The Best Games of 2015

6. Life Is Strange

I’d quite like to live in Arcadia Bay. I mean sure, someone is going around abducting people, the local college is a horror of vindictive social politics, and the town is going to be destroyed by a tornado in a matter of days. But isn’t the Two Whales diner just delightful? The breakfasts, the booths, the jukebox. I’d love to sit in a quiet corner and
watch the town go by, ideally with a cup of coffee, black as Kyle Maclachlan’s hair.

This, I think, is Life Is Strange’s greatest accomplishment. Its teenage time-travel drama takes place within a strikingly believable location populated by human and empathetic characters. It may prostrate itself in front of the Twin Peaks altar a little too enthusiastically, while its dialogue can induce the odd wince due to its sentimentality and bizarre jargon (although one could argue that both are hallmarks of adolescence).

But it remains a remarkably absorbing tale, and its exploration of the bond between protagonist Max and her rebellious friend Chloe is both touching and heartbreaking in equal measure. It’s a shame the final episode is a bit of a stuttering mess, because the lead-up to that point is far better crafted.

The Best Games of 2015

5. Pillars of Eternity

Honestly, I struggle to believe that Pillars of Eternity was released this year. March feels like such a long time ago, and so much has happened since. Perhaps it has something to do with this game’s essential nature too. Pillars of Eternity is a throwback to the classic RPGs of BioWare, Baldur’s Gate and Icewind Dale, subtly and cleverly updated to appeal to both established and newer audiences. It's a game crafted with a love of the past, and acknowledgement of the future.

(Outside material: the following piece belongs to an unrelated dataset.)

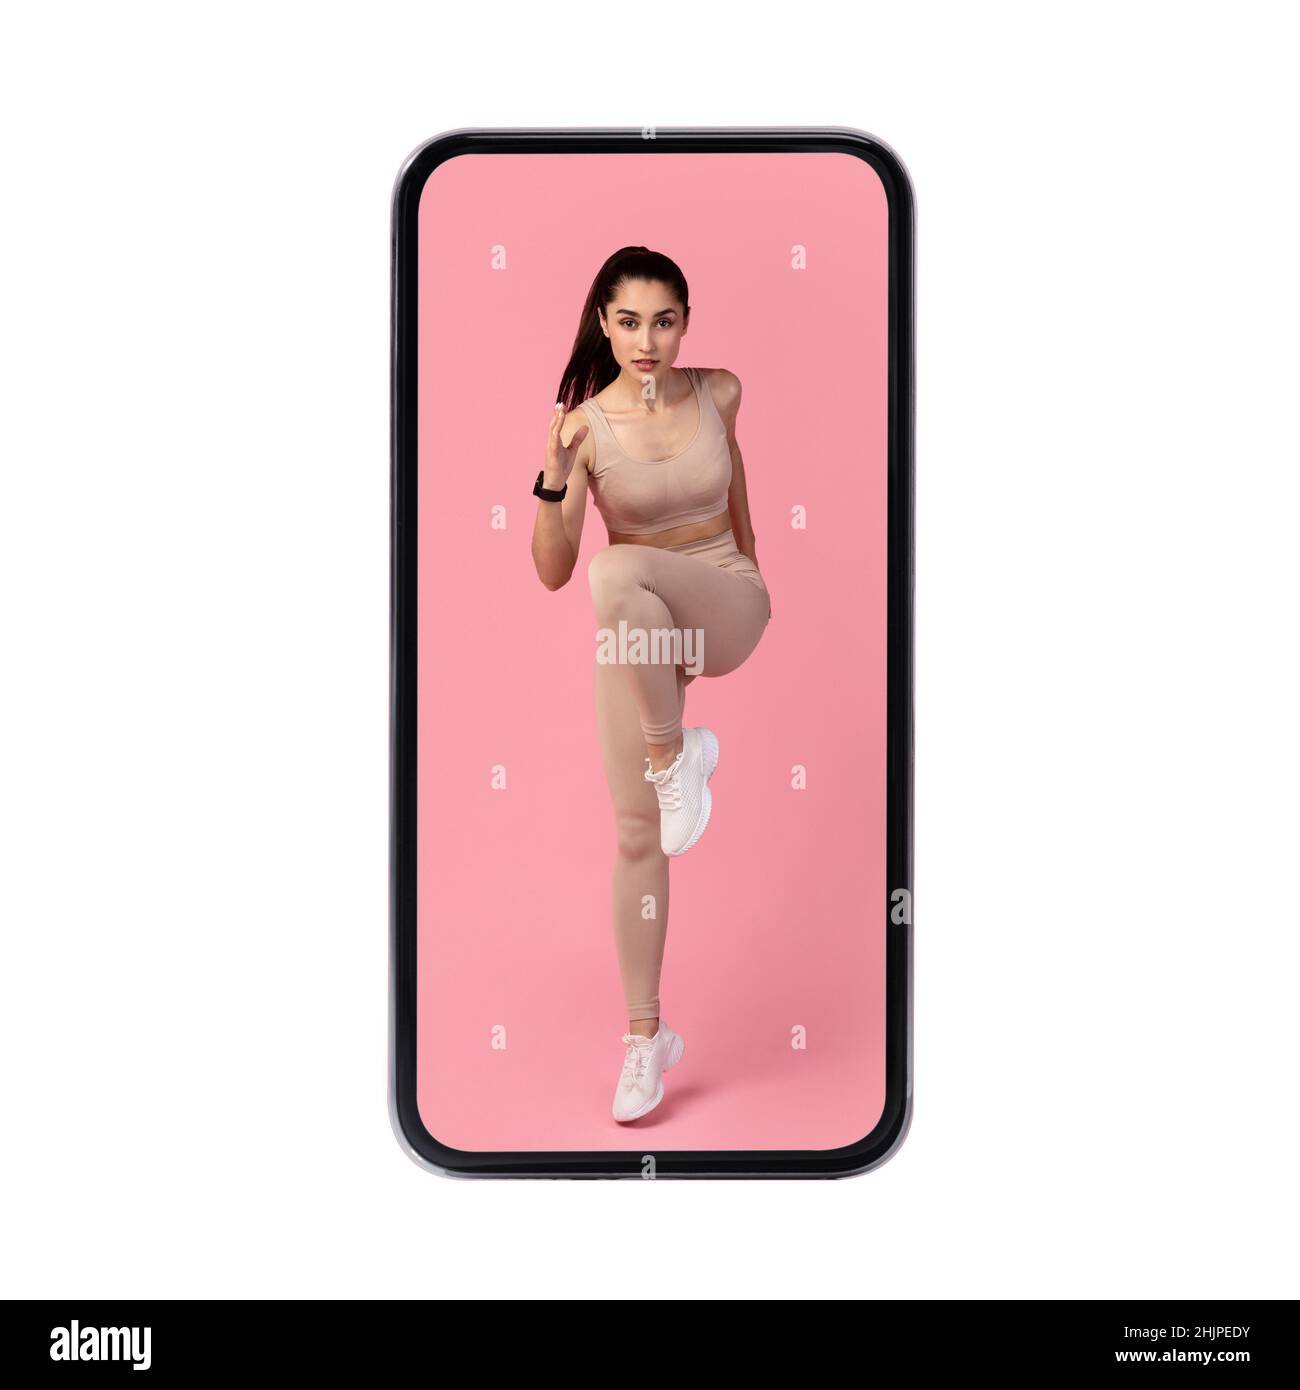 Großes Smartphone Mit Fit Frau Ausübung Auf Dem Bildschirm, Weißer Hintergrund Stockfoto

It also has plenty going for it; a rich, inviting world that blends hand-painted backgrounds with more modern lighting and shading techniques, a completely unique RPG system that streamlines various traditional mechanics but nevertheless creates deep, tactical fantasy combat. A grand fantasy story with a complex, adaptable dialogue system. But what really made it for me were the characters who accompanied you on your adventure, the fierce priest Durance, the sonorous, affable Chanter Kana, the wonderfully juxtaposed dual personality of Aloth. It's a splendid adventure, and it's wonderful to see Obsidian finally reach their potential free from any particular license.

The Best Games of 2015

4. Grow Home

Grow Home is a truly singular experience, a boundlessly cheerful and optimistic game quite literally about reaching for the stars. It centres around a happy little robot called BUD, and his mission to retrieve the seeds of the Star Plant by encouraging it to grow to a stratospheric height. But what the game is really about is the ascending of the plant's enormous, looping stalk.

Climbing is frequently represented in games, but rarely explored in much detail. It's usually viewed as a means to an end rather than an end in itself. But Grow Home zooms in on the notion of ascent, emphasising every metre of height gained and how that brings you closer to your goal.

The act of climbing is conveyed through the left and right triggers of the pad/buttons of the mouse, and is complemented by BUD’s brilliant procedural animations. As you ascend higher and higher, your surroundings gradually shift. The curvature of the planet becomes visible below, and snow dusts the magical floating islands that surround and support the Star Plant. As you approach your final destination, the air thins revealing the blackness of space and the stars that inhabit it.

It’s a simple premise executed brilliantly, and can be completed in a single evening. If you haven't played it yet, you should do so, right now. I guarantee it will be one of the best evenings of gaming you’ll ever have.